# 93 Altima problem, looking for advice



## Amitla93 (Oct 24, 2005)

Hello out there. My name is Butch and I live in southern Maryland and have a
slight problem ( ! ! ! ) with a 1993 Altima, GLE equipped with the "heads up" display that reisters the speed of the vehicle on the windshield. When the car
is idling, in Park, with the emergency brake on and of course sitting perfectly still; the speedometer registers between 35 and 45 miles per hour. This appears on the heads up windshield display, as well as on the analog speedometer in the dashboard gauge cluster. Also, the speedometer mileage
is increasing as if the car were really doing the 35 or so mph. After numerous calls and e-mails to Nissan USA, and various Nissan dealership repair departments..................I am still dumbfounded ! Does anyone out there know the following. Can a "regular gauge cluster" from a salvage yard (without the "heads up" display) be installed in place of the present "heads up" type
of gauge cluster ? I am not worried about the mileage being different because the current mileage on the odometer does not accurately reflect the true mileage anyhow. I'd really appreciate any help, cause Nissan isn't offering any !


----------



## Asleep (Jan 19, 2003)

Amitla93 said:


> Hello out there. My name is Butch and I live in southern Maryland and have a
> slight problem ( ! ! ! ) with a 1993 Altima, GLE equipped with the "heads up" display that reisters the speed of the vehicle on the windshield. When the car
> is idling, in Park, with the emergency brake on and of course sitting perfectly still; the speedometer registers between 35 and 45 miles per hour. This appears on the heads up windshield display, as well as on the analog speedometer in the dashboard gauge cluster. Also, the speedometer mileage
> is increasing as if the car were really doing the 35 or so mph. After numerous calls and e-mails to Nissan USA, and various Nissan dealership repair departments..................I am still dumbfounded ! Does anyone out there know the following. Can a "regular gauge cluster" from a salvage yard (without the "heads up" display) be installed in place of the present "heads up" type
> of gauge cluster ? I am not worried about the mileage being different because the current mileage on the odometer does not accurately reflect the true mileage anyhow. I'd really appreciate any help, cause Nissan isn't offering any !

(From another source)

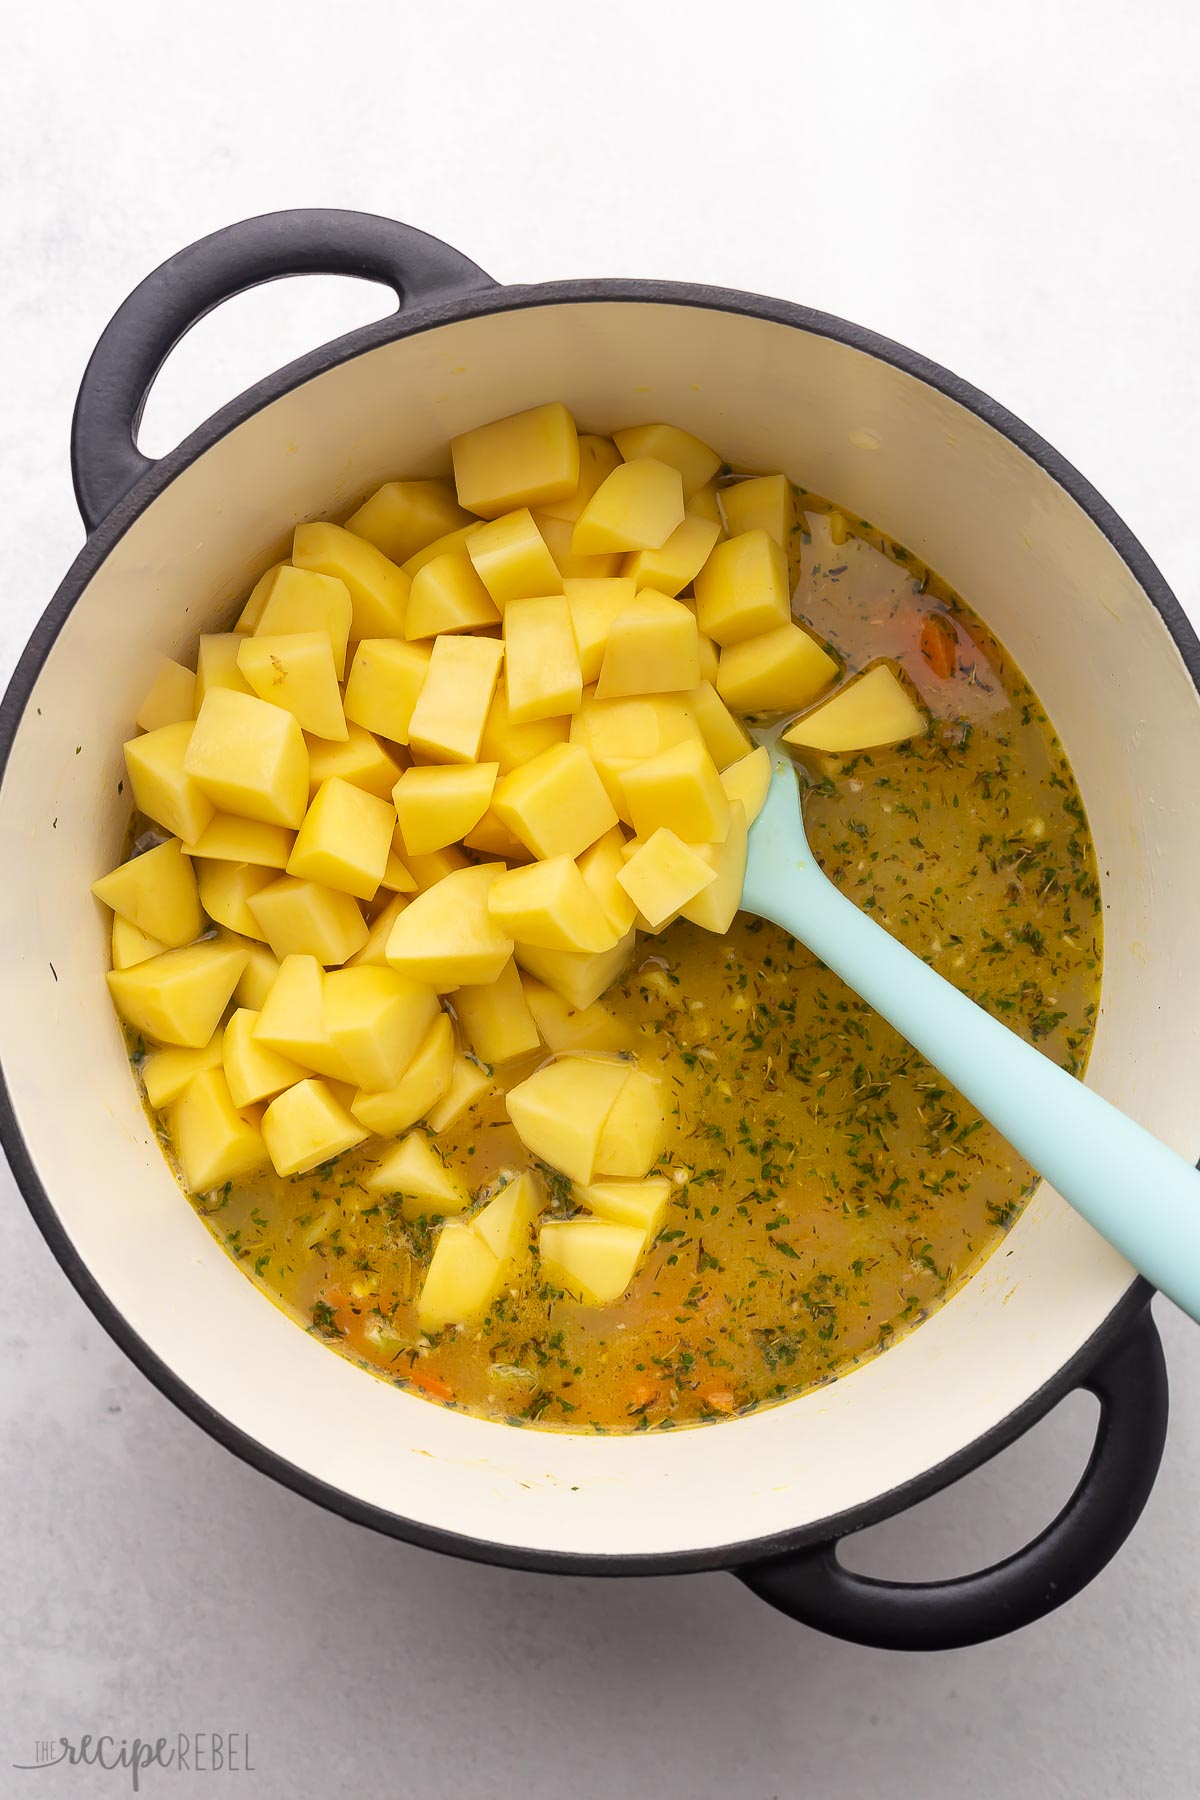 chopped potatoes added into pot with other ingredients.

im thinking this has something to do with the Vehicle Speed Sensor. its a sensor on th rear of the tranny and does just that - senses vehicle speed. start easy by removing the harness and cleaning it out. what does the speedo say when the vehicle is off?


----------



## Amitla93 (Oct 24, 2005)

*Thank you*

This forum thing is brand new to me. Hope this gets back to you ! Thanks for the reply to my question, someone else had mntioned that part as well. Just can't seem to pinpoint its exact location. Thanks again, Butch.


AsleepAltima said:


> im thinking this has something to do with the Vehicle Speed Sensor. its a sensor on th rear of the tranny and does just that - senses vehicle speed. start easy by removing the harness and cleaning it out. what does the speedo say when the vehicle is off?


----------



## jserrano (Oct 27, 2004)

*Heads Up Display (HUD) Info*

I will try to answer your question since I have some experience on this. That is, I retrofitted a HUD off a '93 automatic into my '94 SE 5-speed.

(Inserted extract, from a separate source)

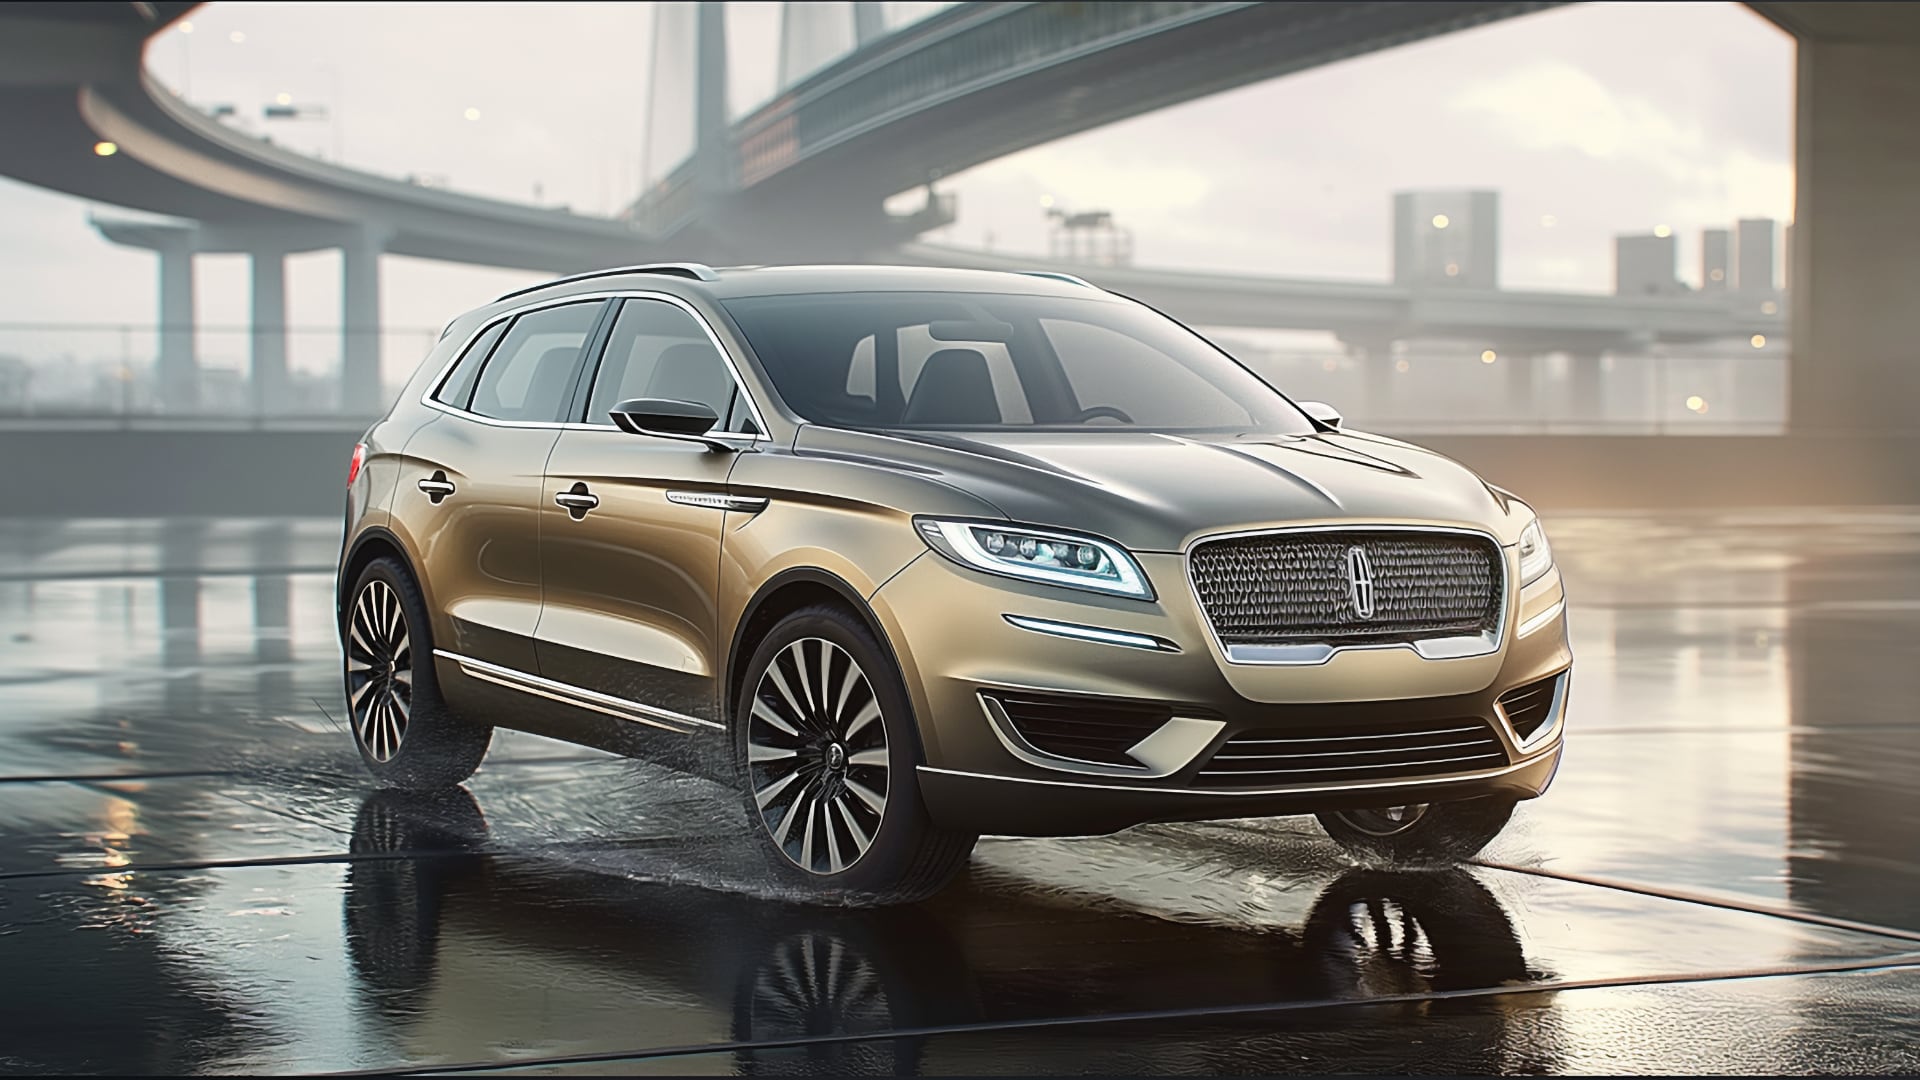 The 2020 Lincoln MKX SUV, a model year to avoid, is parked on a wet road.

First off, the HUD and non-HUD clusters are NOT electrically interchangeable into the stock wiring. There are a number of differences, such as,

1. A non-HUD cluster has four (4) plugs with a total pinout count from 1 to 44.
2. A HUD cluster has six (6) plugs with a total pinout count from 1 to 64.
3. The VSS signal on a non-HUD enters the speedometer  directly on pins 3 and 19. It exits the speedometer on pin 5 for the ECU and cruise control.
4. The VSS signal enters the HUD control module  on pins 55 and 61. It exits the HUD control module on pin 58 for the ECU and cruise control.
5. On a non-HUD cluster the speedometer is directly signaled by the VSS.
6. On a HUD cluster the speedometer is signaled directly by the HUD control module.
7. There are also a number of electrical conflicts in the instrument cluster between an automatic (AT) and manual transmission (MT). For instance, pin 3 is used by the VSS in a MT but the same pin services the OverDrive (OD) light in an AT.

The only way to make you car accept a standard cluster is to rework some electrical wiring around. That takes time and patience with the help of the electrical wiring diagram.

HUD are expensive both new and used. I picked mine up as a used HUD cluster on eBay. This item is a hot sell on eBay but try your luck there.

If all else fails, I can do the repair work for you for about $100 if you'd like. PM me and I'll give you details on that. If you prefer an established business then Mr. Whizard (http://www.mrwhizard.com/services2.cfm) is one of the leading repair depots and are charging about $189 to repair the Altima HUD. I haven't used their service but I've never heard anything bad from them either.

Finally, as mentioned, make sure the VSS is working properly as described in the service manual. It is unlikely the problem since it would have given you a Check Engine light. The great mayority of speedometer problems are instrument cluster related.

Good luck.


----------